Substituting the value of $l$ into the formula:
$L = \sqrt{2(2+1)} \hbar = \sqrt{2 \times 3} \hbar = \sqrt{6} \hbar$.
Therefore,the orbital angular momentum for a $d$ electron is $\sqrt{6} \hbar$.

(D) To completely describe an electron in an atom,we require $4$ quantum numbers: the principal quantum number $(n)$,the azimuthal quantum number $(l)$,the magnetic quantum number $(m_l)$,and the spin quantum number $(m_s)$.
This is consistent with Pauli's exclusion principle,which states that no two electrons in an atom can have the same set of all $4$ quantum numbers.

(D) The principal quantum number $(n)$ determines the main energy level or shell of an electron in an atom.
It is primarily related to the size of the orbital and the average distance of the electron from the nucleus.
As the value of $n$ increases,the size and energy of the orbital increase.

(C) The magnetic quantum number $(m_l)$ is related to the orientation of orbitals in space.
It determines the preferred spatial orientation of orbitals.
It specifies the number of orbitals in a subshell.
It also explains the splitting of spectral lines in the presence of magnetic ($Zeeman$ effect) and electric ($Stark$ effect) fields.

(C) The principal quantum number,denoted by $n$,determines the main energy level or shell in which an electron resides.
It provides information about the size of the orbital and the average distance of the electron from the nucleus.
As the value of $n$ increases,the electron is,on average,further away from the nucleus.

(D) Atomic orbitals are defined as the regions of space around the nucleus of an atom where the probability of finding an electron is maximum.
Unlike the Bohr orbits which are circular paths,atomic orbitals represent the wave function of an electron in a three-dimensional space.

(D) According to the Pauli Exclusion Principle,any single orbital can accommodate a maximum of $2$ electrons,and these electrons must have opposite spins.
Therefore,any $p-$ orbital can accommodate a maximum of $2$ electrons with opposite spins.

(B) The $p$-orbital is dumb-bell shaped.
Electrons present in the $p$-orbital can have any one of three values of the magnetic quantum number: $0, +1$,or $-1$.

(D) For any subshell,the number of orbitals is given by $(2l + 1)$.
For an $f-$ subshell,the azimuthal quantum number $l = 3$.
Number of orbitals $= 2(3) + 1 = 7$.
Since each orbital can accommodate a maximum of $2$ electrons,the maximum number of electrons in the $f-$ subshell is $7 \times 2 = 14$.

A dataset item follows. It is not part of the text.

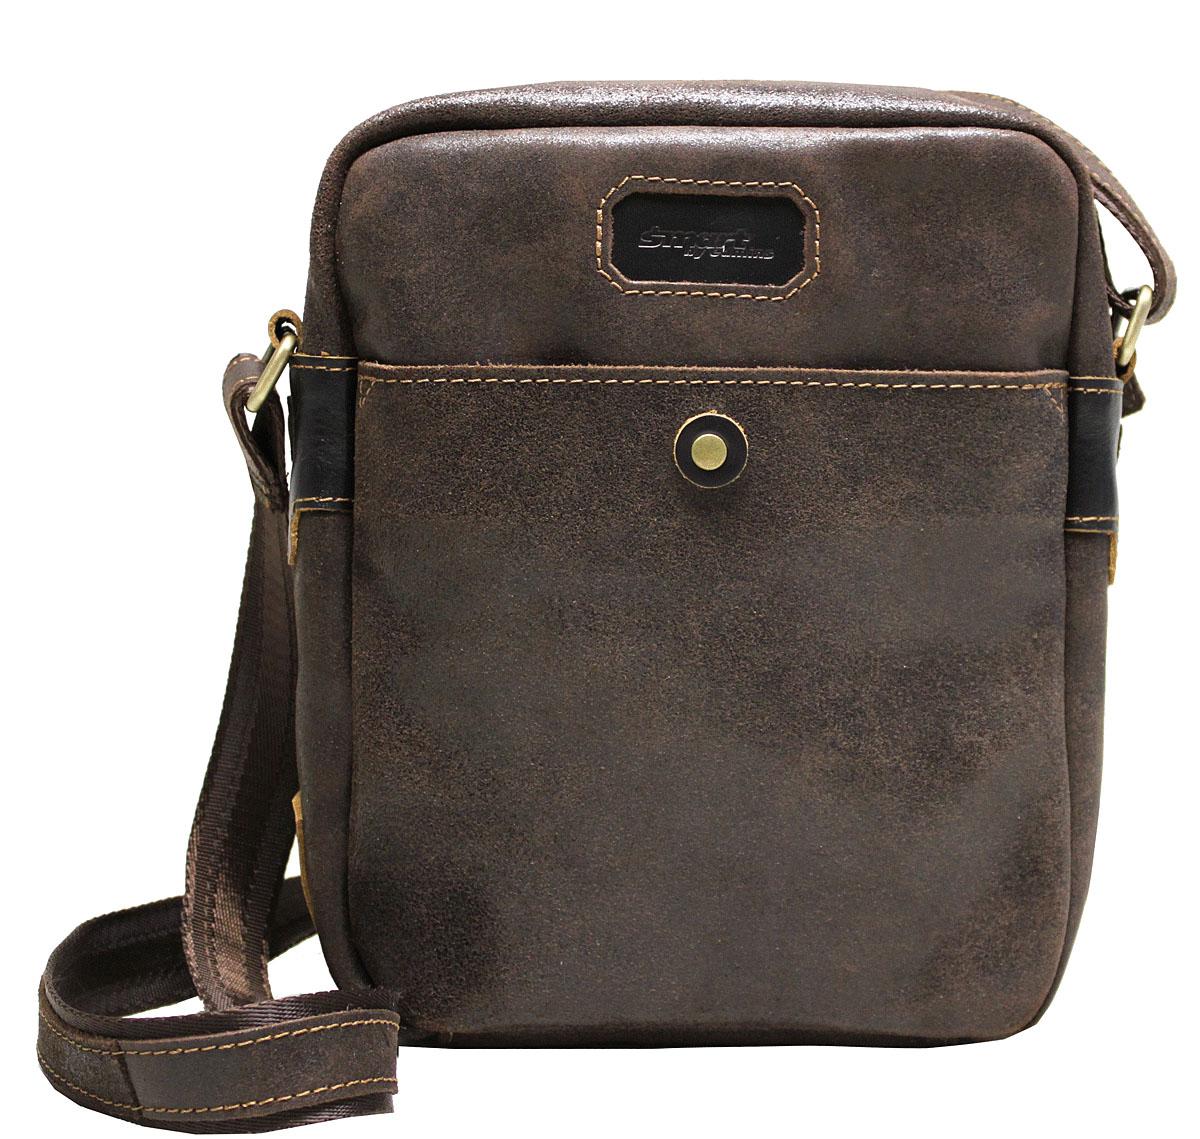 Сумка-планшет мужская Edmins Smart by Edmins, цвет: коричневый. 14С656КЗS76245Мужская сумка Edmins имеет одно отделение, закрывающееся на застежку-молнию. Оснащена регулируемым плечевым ремнем. C тыльной стороны сумки расположен прорезной карман на застежке-молнии. С передней стороны имеется накладной карман.

(C) For any given principal quantum number $n$,the azimuthal quantum number $l$ can have values from $0$ to $n-1$.
For a given $l$,the magnetic quantum number $m$ can have values from $-l$ to $+l$ including zero.
In option $C$,$n=3$ and $l=2$. The allowed values for $m$ are $-2, -1, 0, +1, +2$.
Since $m=-3$ is outside the range of allowed values for $l=2$,this arrangement is impossible.

(D) For any orbital,the principal quantum number $n$ is given by the coefficient of the orbital symbol. For $2p$,$n = 2$.
The azimuthal quantum number $l$ represents the subshell type. For $s$-orbitals,$l = 0$; for $p$-orbitals,$l = 1$; for $d$-orbitals,$l = 2$; and for $f$-orbitals,$l = 3$.
Therefore,for $2p$-orbitals,$n = 2$ and $l = 1$.

(D) For a $4d$ electron,the principal quantum number $n = 4$.
For a $d$-orbital,the azimuthal quantum number $l = 2$.
The magnetic quantum number $m$ can have any integer value from $-l$ to $+l$,i.e.,$-2, -1, 0, +1, +2$.
The spin quantum number $s$ can be either $+1/2$ or $-1/2$.
Comparing this with the given options,option $D$ $(n=4, l=2, m=1, s=-1/2)$ satisfies all the conditions for a $4d$ electron.